Manifests are written to metrics/runs/<run_id>.json and appended (one line each) to metrics/eval_history.jsonl for time-series analysis.

Rationale

  • The manifest IS the run. Without it, a metrics number is a number with no provenance. With it, six months later we can answer "was that 0.92 vocab_purity from prompt v2 or v3?"
  • Captures everything that varied. Git SHA, prompt versions, model config, system info, golden version. If one of these changed between runs, the manifest shows it.
  • config_hash covers what the explicit fields don't. A run with a custom config (different vocabulary scope, different masker, different threshold) hashes the config; comparison runs can verify they used the same config without comparing every field by hand.
  • Per-scenario metrics + summary. Per-scenario lets you see "scenario 4 regressed badly even though the mean is fine"; summary gives the headline number.
  • Append-only eval_history.jsonl enables trends. A scatter-plot of vocab_purity_mean over time, colored by prompt_versions["mode_b/plan"], tells the story of the prompt's evolution.
  • Errors as a top-level field. Failed scenarios stay visible in the manifest rather than disappearing as silent gaps.

Alternatives considered

  • No manifest (just metrics): loses the ability to explain runs after the fact. The metrics-without-context problem.
  • Manifest as YAML or TOML: JSON is the standard for machine-read structured data; toolchain (jq, etc.) is rich. JSON wins.
  • Manifest in a database: considered (sqlite for the history). Overkill for v1; flat files are fine until query patterns demand otherwise. JSONL gives append-friendly + grep-friendly + jq-friendly.
  • Embedded in the metrics file (no separate manifest): considered.

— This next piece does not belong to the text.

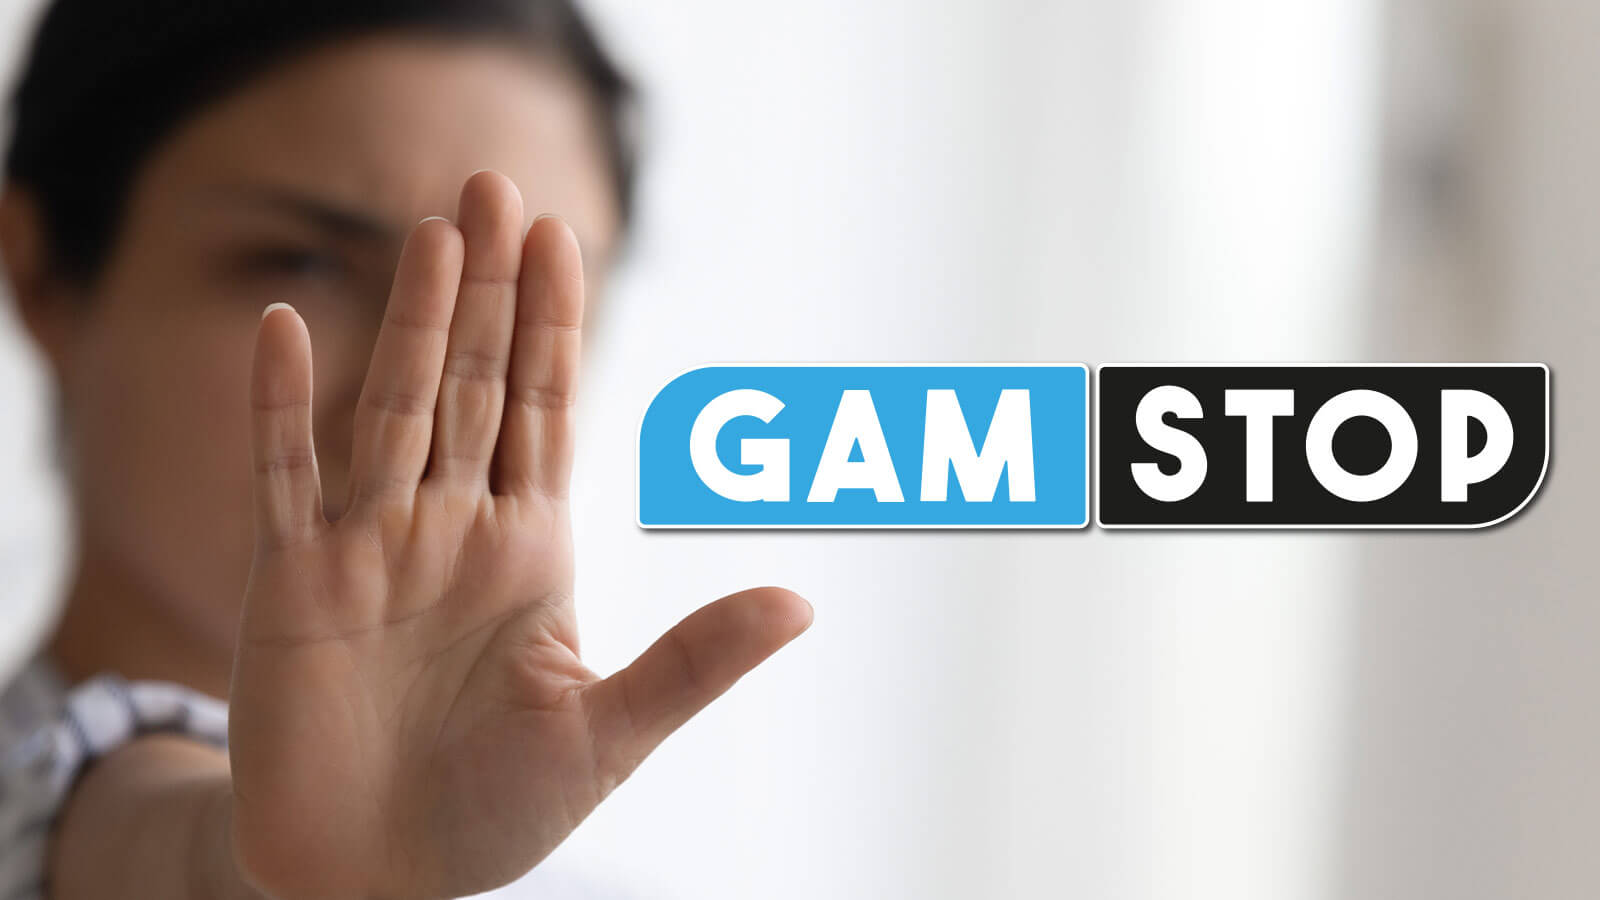 Gamstop gambling self-exclusion guide

Splitting "what produced this" from "what was measured" is cleaner; per-scenario metrics nest naturally under the run-level manifest.
  • Less detail (just prompt versions and metrics): loses the ability to debug "did the model change?" Auto-research depends on knowing all the inputs, not just the named ones.

Consequences

Positive:

  • Auto-research is honest: comparisons reference real manifests, not vague memory
  • Time-series analysis of metric evolution is possible (eval_history.jsonl)
  • Months-old metrics are still explainable
  • Failed runs stay visible, not silent
  • Standard tooling (jq, etc.) works directly

Negative:

  • Per-run disk overhead (small — a manifest is ~5–20 KB)
  • Discipline required: developers must run eval through the harness, not ad-hoc, to get a manifest. Mitigation: the harness IS the canonical interface; ad-hoc running shouldn't happen in the auto-research loop.

Implementation notes

  • Manifest writing happens in chemigram.eval.manifest. The eval runner (per RFC-017) calls this at the end of every run.
  • metrics/runs/ and metrics/eval_history.jsonl are gitignored by default — they're outputs, not source. Specific runs that establish baselines or document major decisions can be committed explicitly (e.g., metrics/baselines/golden_v1_first_run.json).
  • Config hashing uses SHA-256 of the canonicalized config (sorted keys, no whitespace). Implementation lives alongside chemigram.core config loading.
  • The system section is captured at run start using stdlib (platform, sys) plus a darktable-cli --version subprocess call.
  • Run IDs are ISO 8601 UTC timestamps with seconds precision (2026-09-20T14:30:00Z). Collision is unlikely; if it happens, the second run gets a _2 suffix.
  • Eval comparison utilities (chemigram.eval.reports) load two manifests and produce a diff report — what changed, what stayed the same, which metrics moved.